When we think of the ways women are affected by pregnancy and birth, we often focus on the obvious. Stretch marks, stitches and pelvic floors. We don’t generally hold perinatal mental health in the same place in our heads, even though mental illnesses are the most common complications of pregnancy and the first year.
Despite the progress being made around de-stigmatising and normalising depression and anxiety disorders, we don’t talk about risk factors or prevention as often as we tell women to do their pelvic floor exercises.
One factor we know has a significant impact on maternal mental health is breastfeeding. It isn’t a simple input=output scenario though, there’s a complex picture to unpick.
Multiple studies have demonstrated that meeting your own breastfeeding goals increases self-efficacy, feelings of calm and positive mood. This makes sense because having and caring for a baby is hugely stressful, and sustained high cortisol levels are a big risk factor for psychiatric disorders. But oxytocin, (a primary lactation hormone) reduces the impact that cortisol (a stress hormone) has on the body, giving a significant protective effect.
There is a flip side though. Those with pre-existing depression or anxiety are less likely to initiate breastfeeding, and more likely to stop before they wanted to. Interestingly, within this group, those who did breastfeed showed a significant decrease in depressive symptoms.
The other affected group is those who did not have a history of depression, who intended to breastfeed but did not. This is key, because these women have spent their pregnancy being educated about the value of breastfeeding. The vast majority of babies in the UK will have some formula by the time they reach six months, but women describe feeling pressure to breastfeed, both internally and from society more broadly.
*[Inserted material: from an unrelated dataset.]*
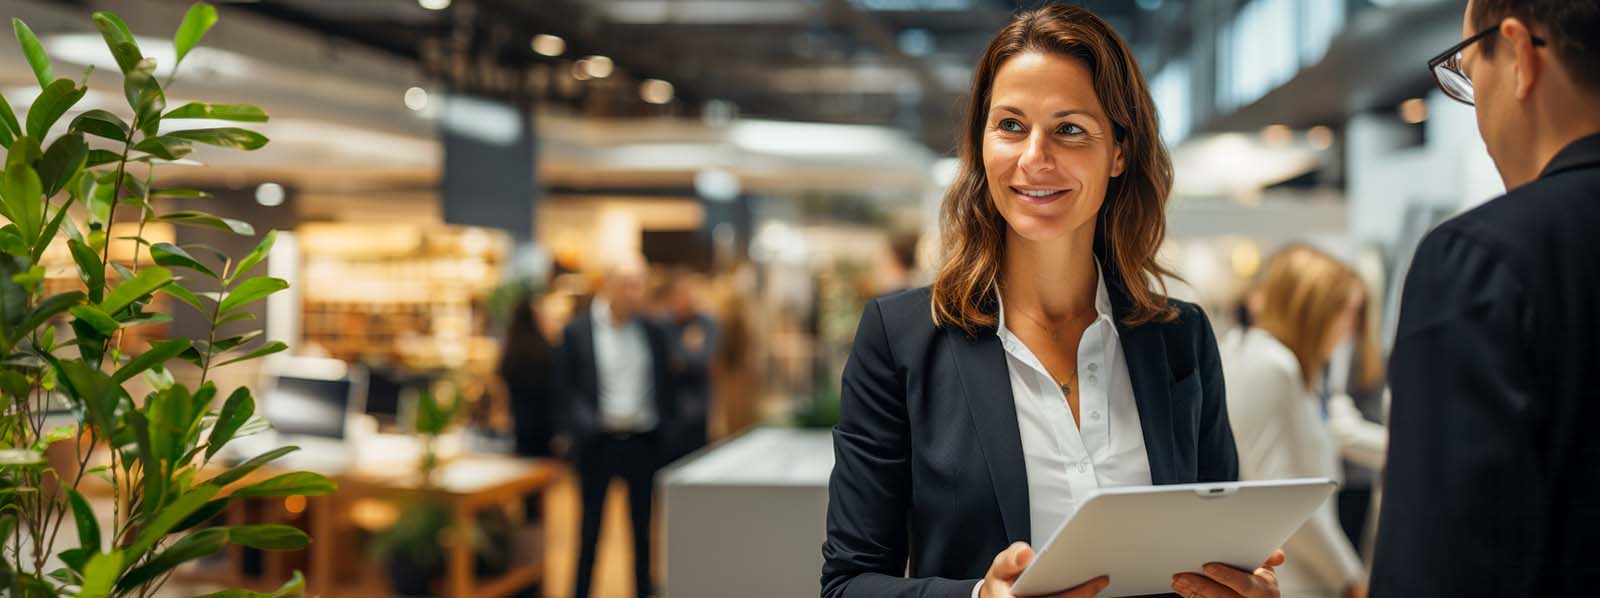 woman holding tablet and smiling, talking to man at trade show

Those who have made a choice to breastfeed but are unable to, experience devastating consequences – a much bigger negative effect on mental health than simply choosing to formula feed from the outset.
It has frequently been said that women don’t breastfeed, societies do. This is because our environment strongly affects our ability to breastfeed. If our support network – family, friends, healthcare professionals – lack knowledge, they are unlikely to be able to provide meaningful support in navigating common issues that occur.
I frequently see families where multiple hurdles have been created by lack of experience, knowledge and education in their support network. They leap these hurdles as best they can – tall and small, many and few. So many mothers are tripped up by this environment. These women internalise blame and guilt for the situation they had little control over. Debriefing can be a very powerful tool in helping families come to terms with outcomes that diverged from their original goals. Validating negative emotions like grief and sadness rather than waving them away with phrases like “fed is best” is key. We understand that if someone walks away without a scratch from a high-speed car crash that they are likely to experience trauma, and need time to process it, we don’t simply tell them “you’re fine, it doesn’t matter”.
The ability to exercise our choices as individuals matters, an effective support network matters, counselling and validating women’s feelings matters. The absence of any of these are risk factors for postnatal mental health, and it’s time we get to work.